If you pass 0 as the base, it will auto detect the base i.e for a string starting with 0x will be treated as hex and string starting with 0 will be treated as oct. The characters are case-insensitive.
Any white space in string will make it return false.
I have a string of class string
string str;
how can I check if it is a number or not, str can only have 3 possible types described below like
abcd
or a number like
123.4
or a number with a parenthesis attach to the end it for example
456)
note the parenthesis at the end of "str" is the only possible combination of number and none number
where the bottom two are considered valid numbers, I know I could use lexical_cast if only the first 2 cases occur, but how about considering all 3 possible cases to occur?
I don't need to do anything fancy with str, I just need to know whether it is a valid number as I described
The C++ solution for parsing strings manually is string streams.

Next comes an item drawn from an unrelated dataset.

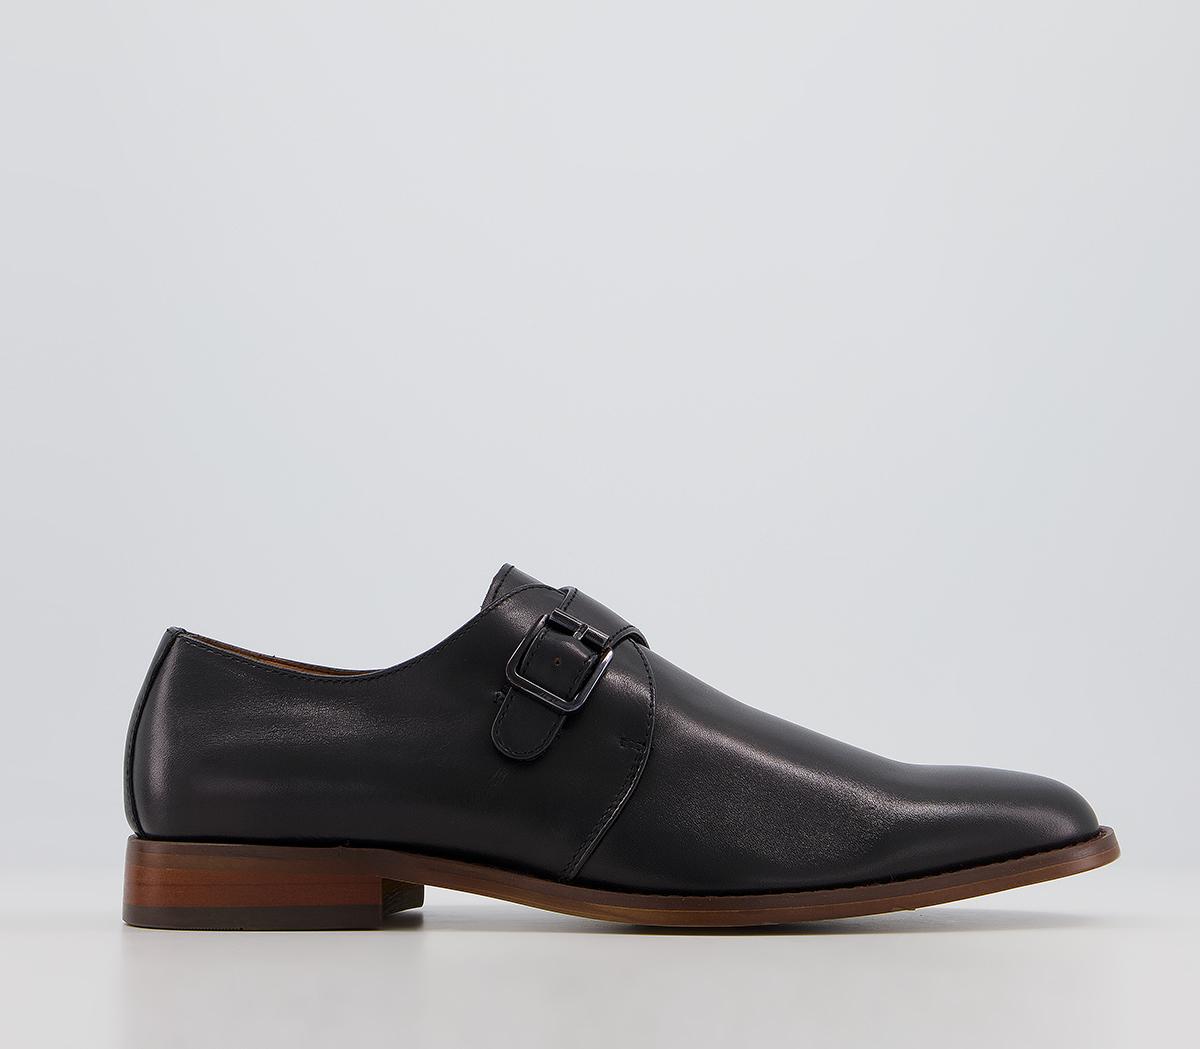 OFFICEMaster Single Strap Monk ShoesBlack Leather

Put your string into a std::istringstream and read from that.
What you could do to parse this is to try to read an (unsigned) int from the string.

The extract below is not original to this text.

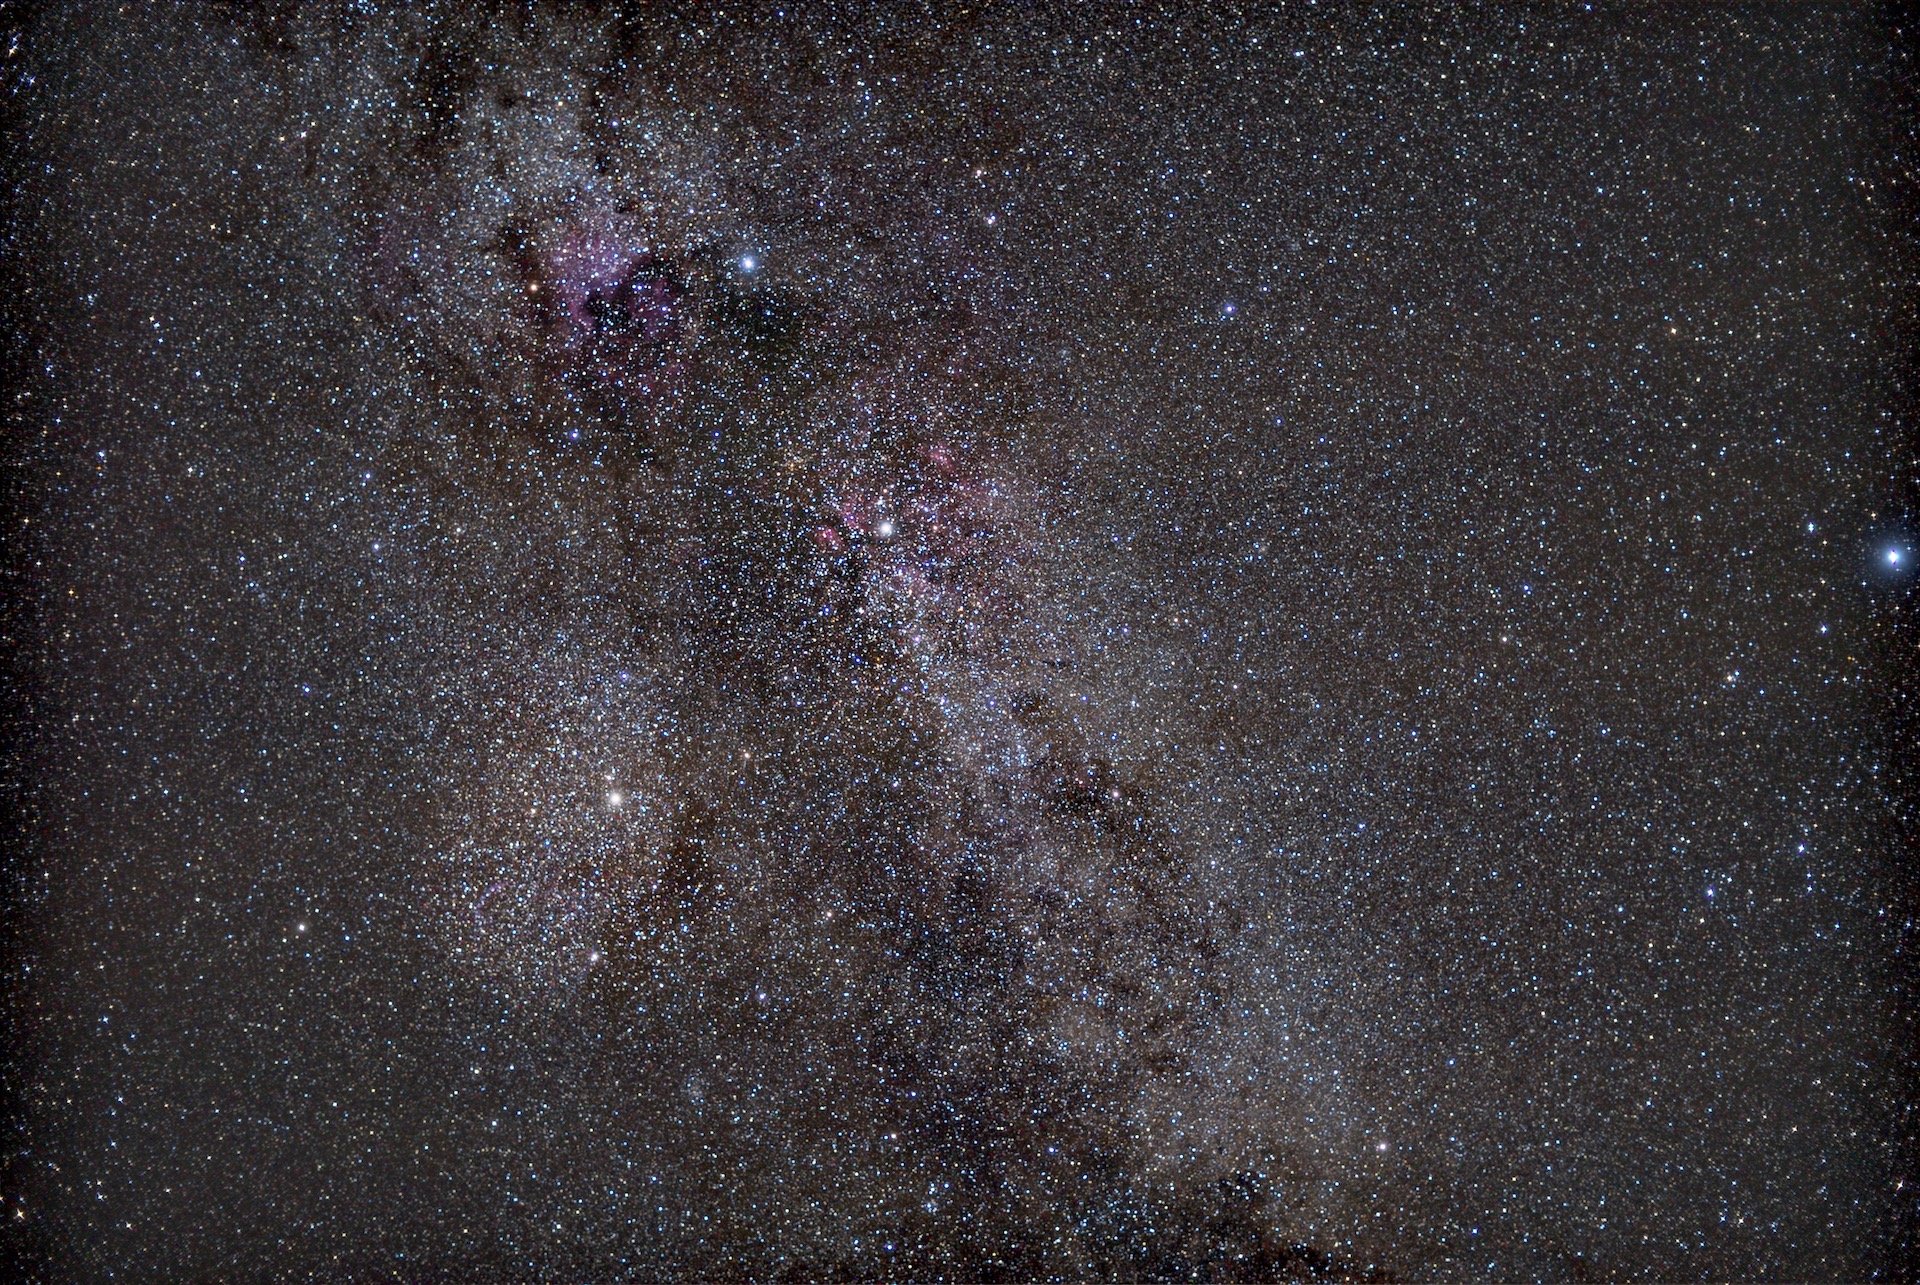 Summer Milky Way in the constellation Cygnus with countless deep sky objects. Exposure 50x60 seconds, stacking with Sequator, and image editing with Adobe Photoshop. Photo: Marcus Schenk and Sebastian Brummer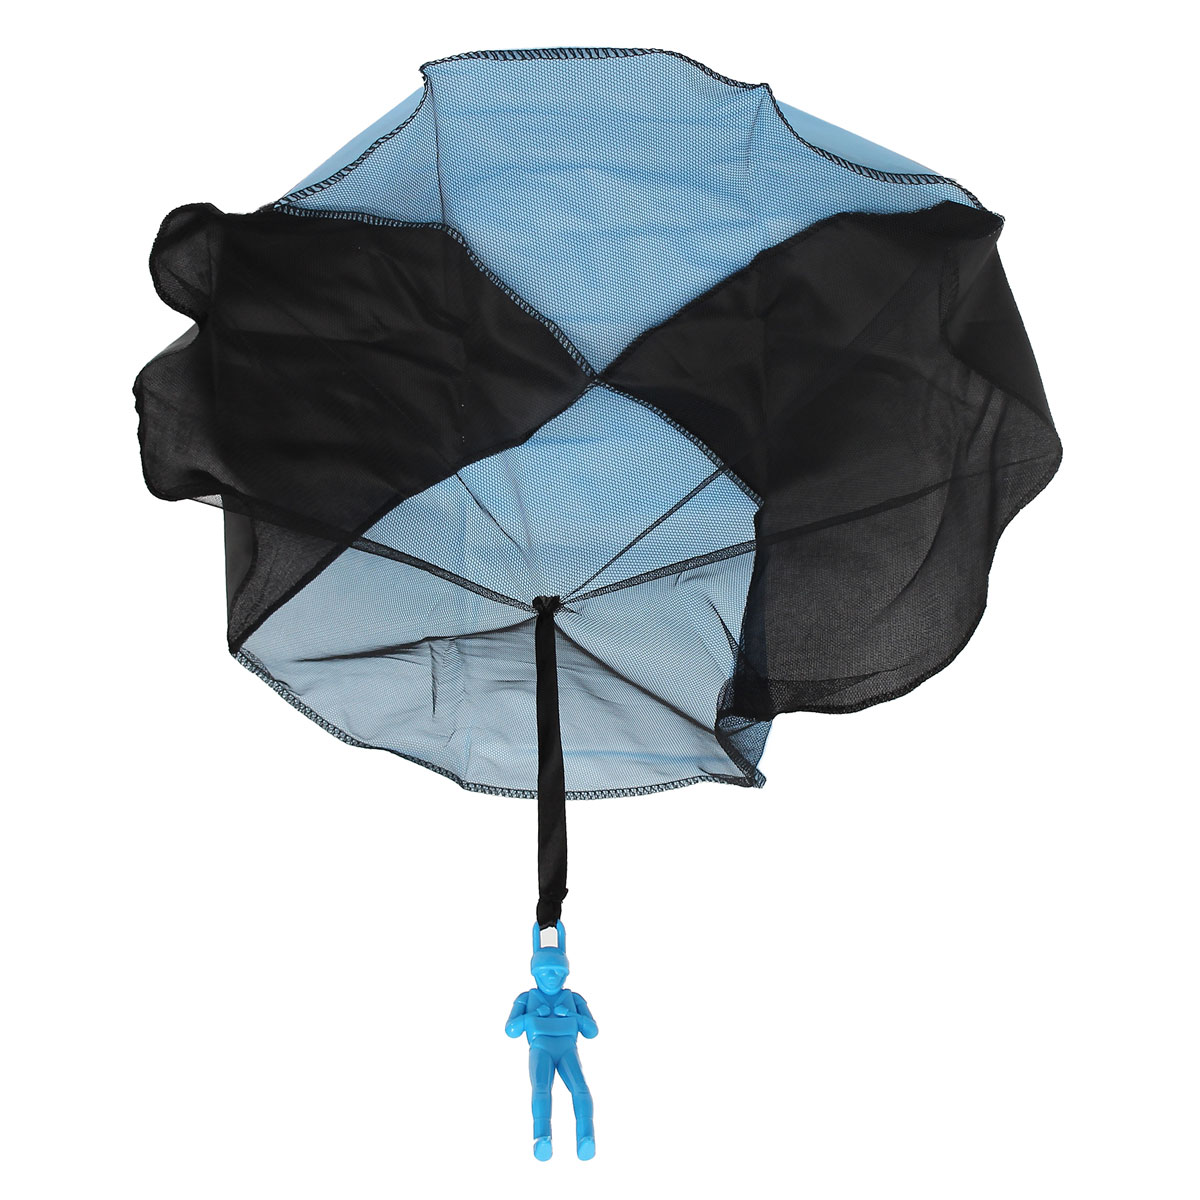 Kids-Hand-Throwing-Parachute-Kite-Outdoor-Play-Game-Toy-1021887-3

If this fails, it is a string not starting with digits.
If it works, peek at the next character. If that's a . you have a floating point number, if it's a ), you have an integer number. (Otherwise you have a reading error.)
Something along the lines of
void read(const std::string& str)
{
std::istringstream iss(str);
int i;
if( !(iss>>i) ) {
// str contains "abcd"
} else {
switch( iss.peek() ) {
case ')':
// i contains '456'
break;
case '.' {
double d;
if( !(iss>>d) ) throw "dammit!";
d += i;
// d contains floating point value
break;
default: throw "what?!";
}
// ...
}
Does this make sense?
You have to define "number". There isn't a generic "number" type (for example, your first number is a double while the second is an integer).
That said, as shown in this answer, lexical_cast simply checks that the destination and only the destination exists:
template <typename R, typename T>
R lexical_cast(const T& pX)
{
std::stringstream ss;
ss << pX;
R result; // take out any whitespace, make sure nothing is left
if ((ss >> result).fail() || !(ss >> std::ws).eof())
{
throw std::bad_cast();
}
return result;
}
So just make a new function:
template <typename R, typename T>
R weak_lexical_cast(const T& pX)
{
std::stringstream ss;
ss << pX;
R result;
if ((ss >> result).fail())
{
throw std::bad_cast();
}
return result;
}
It's basically a lexical_cast but doesn't care about any remaining characters (allowing your second number to work.)
maybe a regular expression would do the trick for you.